В тот день, когда Линкольн победил на повторном выдвижении в кандидаты, совсем ненамного обойдя второго претендента от той же партии – бывшего губернатора Теннесси, а теперь сенатора Эндрю Джонсона, Изабель забрала близнецов и уехала в их летний дом в Ньюпорте. Жизнь в Вашингтоне стала невыносимой. Почти каждый час поезда и пароходы с убитыми грохотали по Лонг-Бридж или швартовались у причалов на Шестой улице. Повсюду бродили гробовщики с тусклыми лицами, изнуренные стремительным взлетом своей торговли и подсчетом барышей. В окружные военные госпитали было втиснуто от восемнадцати до двадцати тысяч пациентов.

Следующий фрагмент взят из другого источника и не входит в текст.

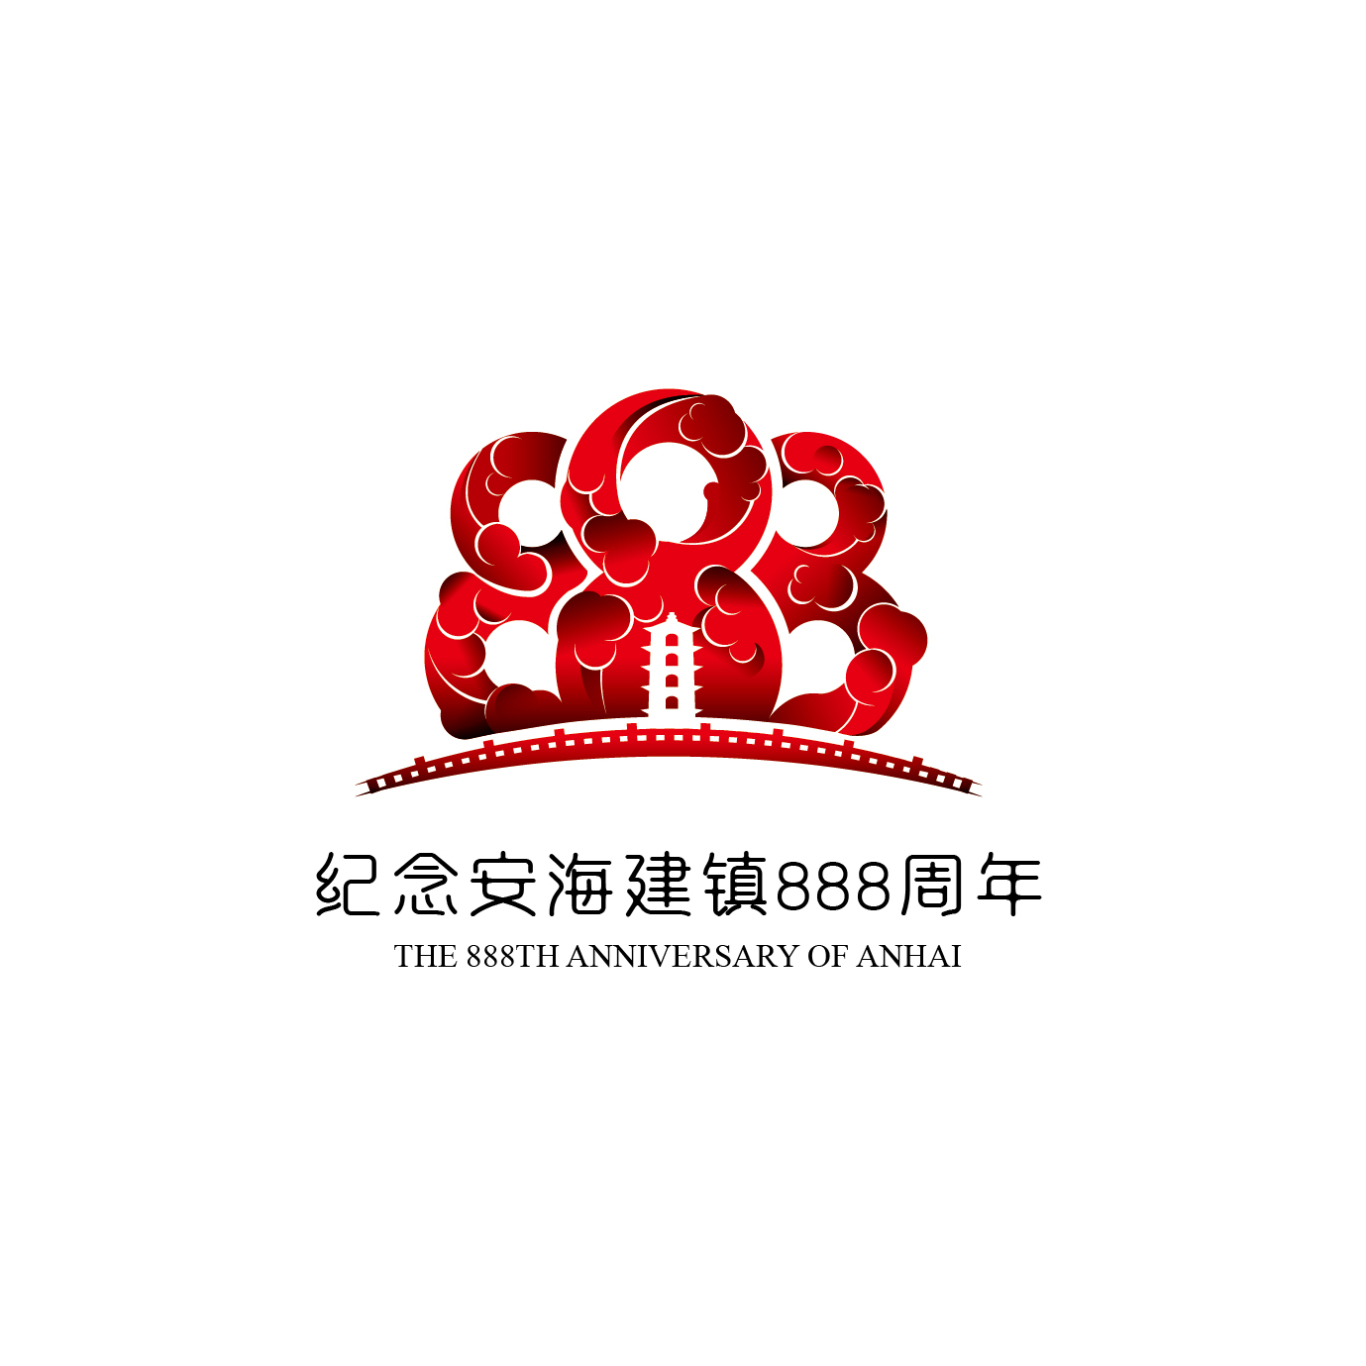 安海建镇888周年Logo设计图0

Раненые гуляли даже в лучших районах города, и их вонь перебивала самые стойкие духи.
Стэнли не возражал против отъезда жены. Это давало ему возможность более свободно посещать одну молодую особу, с которой он познакомился как-то апрельским вечером, когда вместе с несколькими приятелями-республиканцами, уже в сильном подпитии, заглянул в «Варьете» – довольно крупный театр на Девятой улице, чей фасад украшали флаги, а над ярко-белым фонарем вращалось большое прозрачное колесо, сверкая всеми цветами радуги.
В зале сидели почти одни мужчины. Прежде чем на сцене появились слезливые солистки, китайские акробаты и комики с выкрашенными черной краской лицами, к удовольствию зрителей, выступила группа скудно одетых танцовщиц, настраивая публику на патриотический лад. Самая хорошенькая из танцовщиц, полногрудая девушка лет двадцати, неожиданно заставила Стэнли вскочить со своего места и заорать вместе с десятками потных, жующих табак солдат вокруг него.
Держа в каждой руке по десятицентовой порции виски, Стэнли смотрел только на нее, а потом встретился с красоткой за кулисами, что оказалось совсем не трудно. Юную леди сразу привлекла его дорогая одежда, солидный возраст, а также его заявление о том, что он является доверенным лицом министра Стэнтона, сенатора Уэйда и конгрессмена Дэвиса заодно.
Имена двух последних сенаторов в эти дни не сходили с газетных страниц. Своим Планом реконструкции Юга, билль о котором недавно прошел в конгрессе, они открыто объявили войну скромной президентской программе послевоенной реорганизации. Согласно этому плану, статус каждого южного штата мог быть восстановлен только после того, как половина проживающих в нем мужчин принесет присягу на верность США, в то время как Линкольн говорил только о десяти процентах. Другие условия билля Уэйда – Дэвиса были столь же жесткими, и президент ясно дал понять, что наложит на него вето.
В отместку разъяренный Уэйд выступил с публичным заявлением:
– Власть конгресса первостепенна, и ее должны уважать все, в том числе то мрачное существо, которое обитает в Белом доме и каждый день покрывает и свой кабинет, и всю нацию все бо́льшим позором.
На приеме, где Уэйд впервые высказался в подобном духе, Стэнли бурно аплодировал и бестолково кричал:
– Точно, слушайте!
Он не стал заходить так далеко, чтобы присутствовать на съезде в Кливленде, где республиканская фракция выдвинула своим кандидатом генерала Фремонта. Но он ратовал за свержение Линкольна, о чем, как и о многом другом, поведал своей новой возлюбленной.
Мисс Джинни Кэнери – так она назвала себя, заменив непроизносимое имя, данное ей ее отцом-арабом, – была впечатлена его друзьями почти так же сильно, как и его неистощимым кошельком. В тот день, когда уехала Изабель, они лежали нагишом в дешевой квартирке мисс Кэнери на острове, откуда Стэнли обещал ее вскоре переселить.
Захмелевший после бурбона, Стэнли перевалился на свой пухлый живот и начал ласкать темные соски мисс Кэнери кончиками пальцев. Обычно в такие моменты она не переставая улыбалась. Но не в этот вечер.
– Милый, – проворковала она, – я хочу посмотреть на фейерверк. Хочу услышать духовой оркестр!